Complete model. After obtaining a one-hour model with optimized parameters, it is trained for the next hour taking all steps mentioned. Thus, 24 four different instances of this model are trained, one for each of the next 24 hours. Then, the hybrid strategy described in Equation (3) is applied to build a 24-hour forecasting model. The complete model is evaluated on testing data and results are reported.

2.3 Related works

Several methods have been proposed for electricity demand forecasting, applying short, medium and long-term predictions. These methods are classified in statistical models and machine learning models. This work focuses on short-term demand forecasting using machine learning.

Most used forecasting techniques include auto regressive models (AR), moving average models (MA), auto regressive moving average models (ARMA) and auto regressive integrated moving average (ARIMA) models[¹⁰]. These kind of models are easy to implement. ARIMA models for short-term demand forecasting[¹¹] were initially proposed by Hagan and Behr.

Taylor and McSharry compared different ARIMA implementations using load data from multiple countries[¹²]. Dudek proposed applying a linear regression technique[¹³]. However, linear models are inadequate to represent the non-linear behavior of electricity demand series and fail to predict the accurate future demand values. Thus, their forecasting accuracy tends to be poor. Some studies try to overcome the aforementioned difficulties considering nonlinear components, obtaining good accuracy metrics[¹⁴].

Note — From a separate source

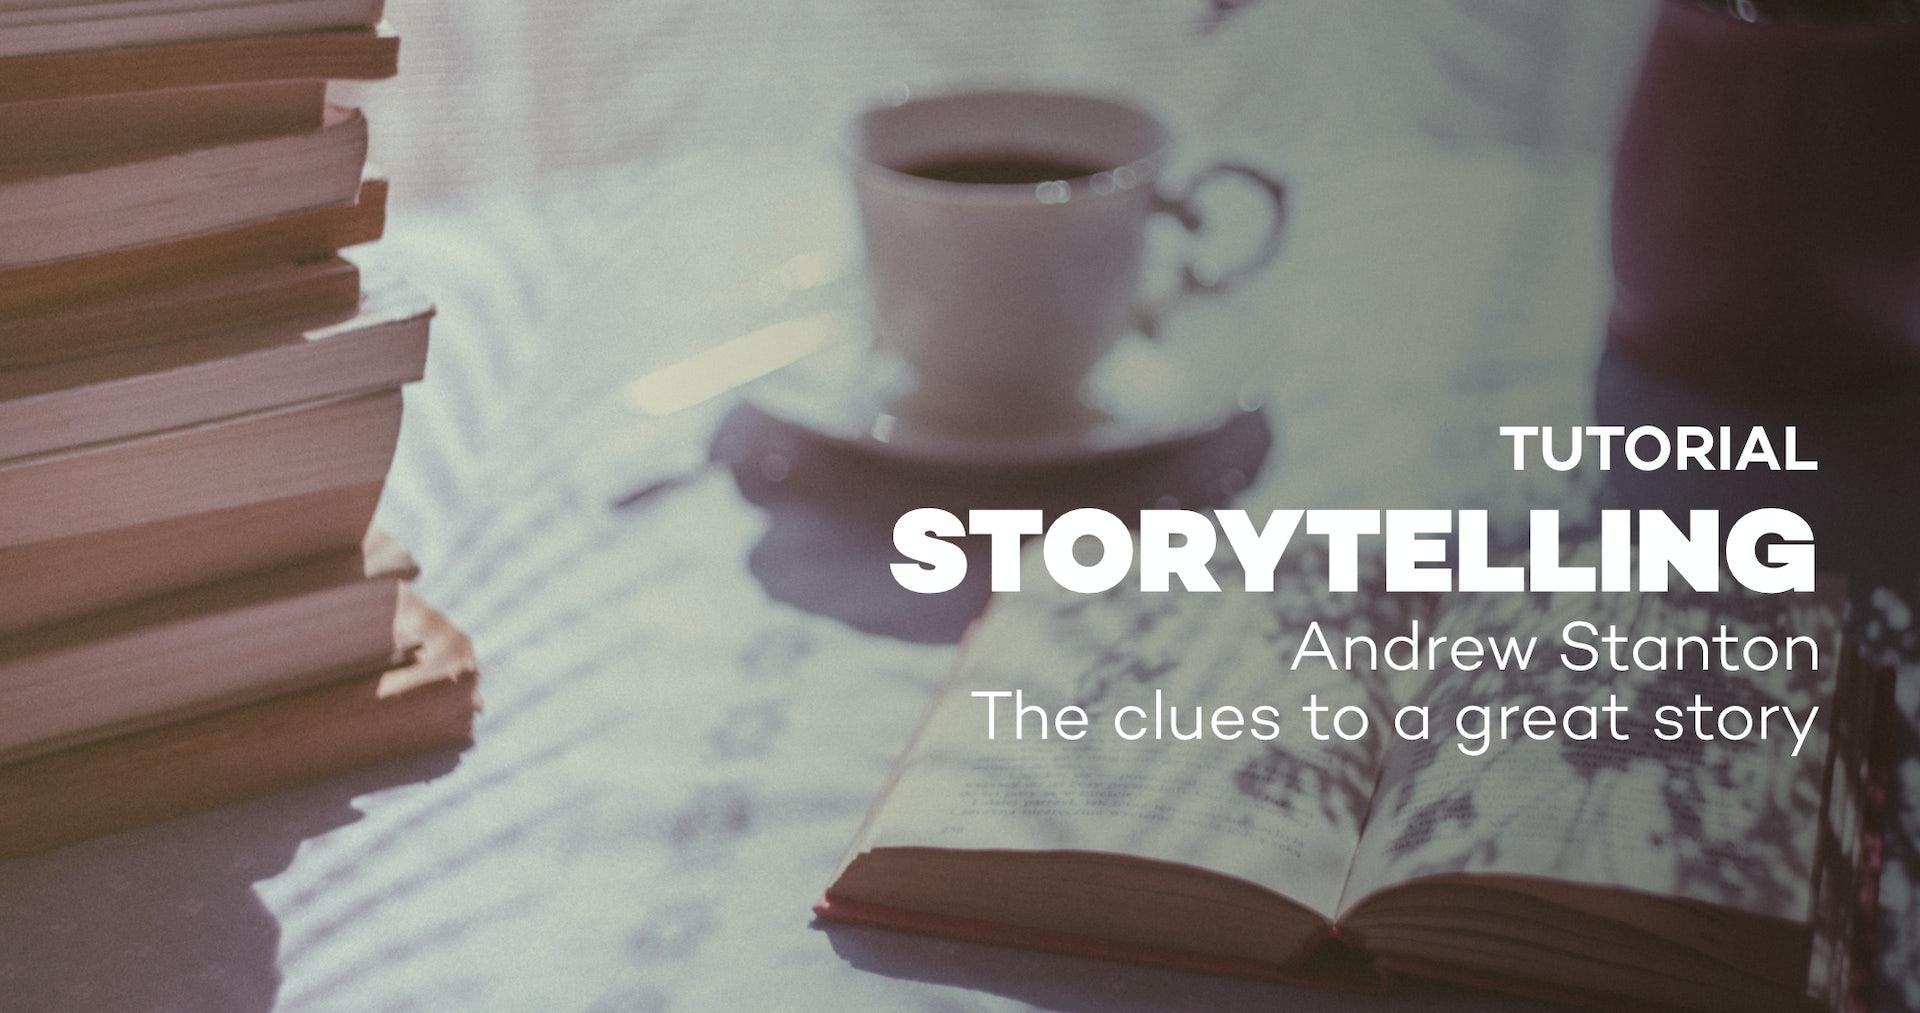 tuto storytelling
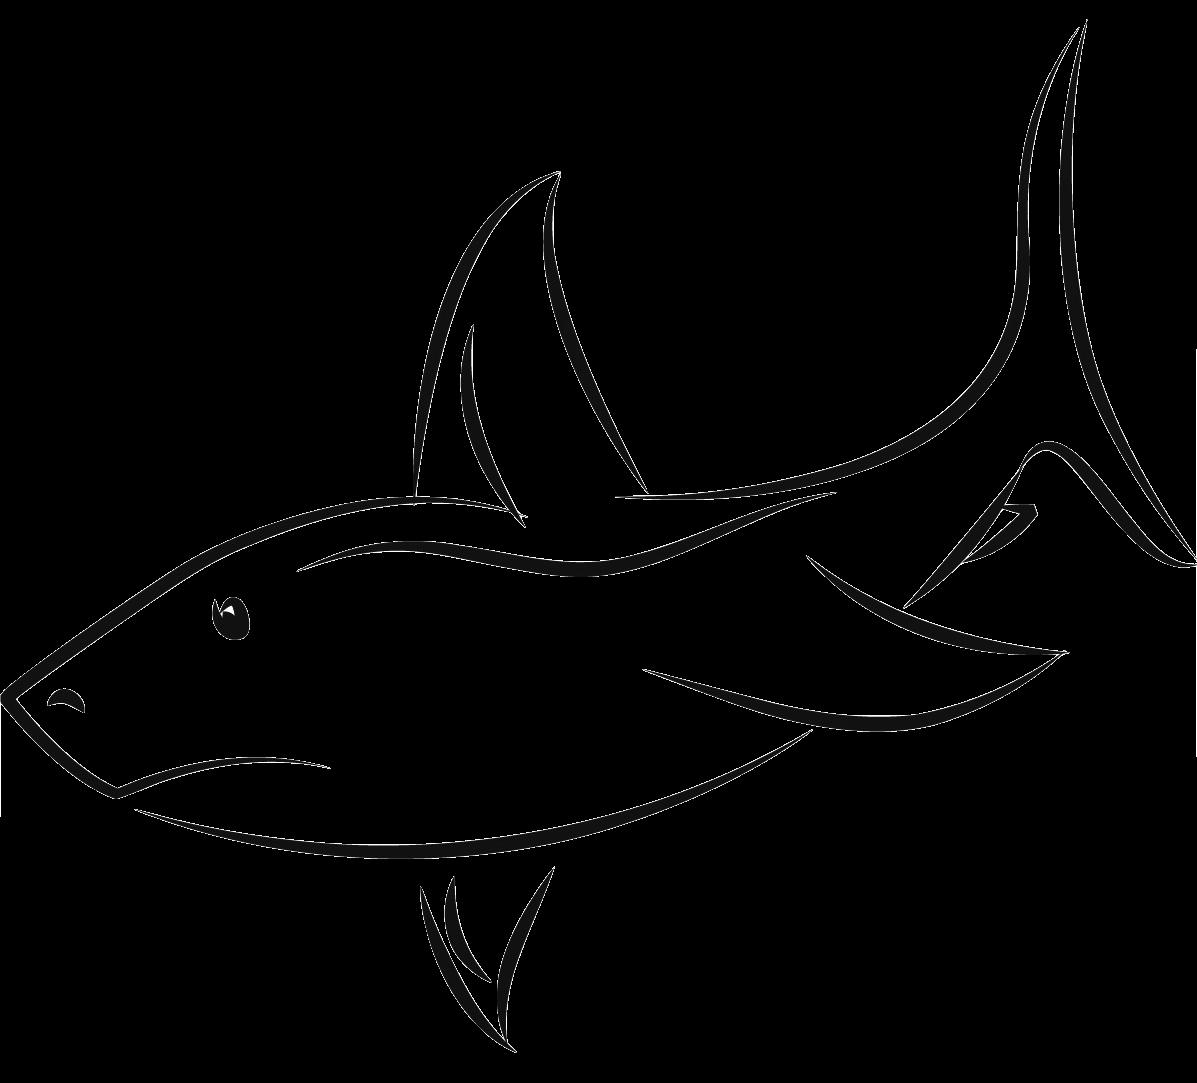 Shark outline clipartblack com. Nemo clipart black and white

Several studies have been conducted on short-term demand forecasting using non-linear models. For example, Do et al. described a model for predicting hourly electricity demand considering temperature, industrial production levels, daylight hours, day of the week, and month of the year to forecast electricity consumption[¹⁵]. Results suggested that consumption is better modeled considering each hour separately. In our work, this strategy is developed and applied. Son and Kim proposed a method based on support vector regression preceded by feature selection for the short-term forecasting of electricity demand for the residential sector. For feature selection, twenty influential variables were considered and the quality of the model improved substantially[¹⁶].

Other mid-term demand forecasting studies consider variables such as GDP and prove that are highly correlated with the demand[¹⁷]. Peak demand estimation is also crucial to determine future demand, in order to assist future investment decisions[¹⁸]. In this article, the decision to consider ensemble models was taken based in the work presented by Burger and Moura, who applied a gated ensemble learning method for short-term electricity demand forecasting and showed that the combination of multiple models yielded better results than the use of a single model[¹⁹]. Silva presented a complex feature engineering to build gradient boosted decision tres and linear regression models for wind forecasting; in our work several similar ideas were developed for demand forecasting[²⁰]. De Felice et al. applied several separate models for each hourly period. Each of those models measure variations in electricity demand based on multiple variables[²¹]. Recent studies in traffic prediction in the context of Internet of Things have shown promising results using advanced artificial intelligence techniques related to those applied in our work[²², ²³]. Computational intelligence has also been applied to forecasting and dissagregation of residential energy consumption[⁸, ²⁴].

The analysis of the related works allowed to conclude that two main issues impact on the forecasting capabilities and the results quality: the model itself and other preparation and pre-processing techniques.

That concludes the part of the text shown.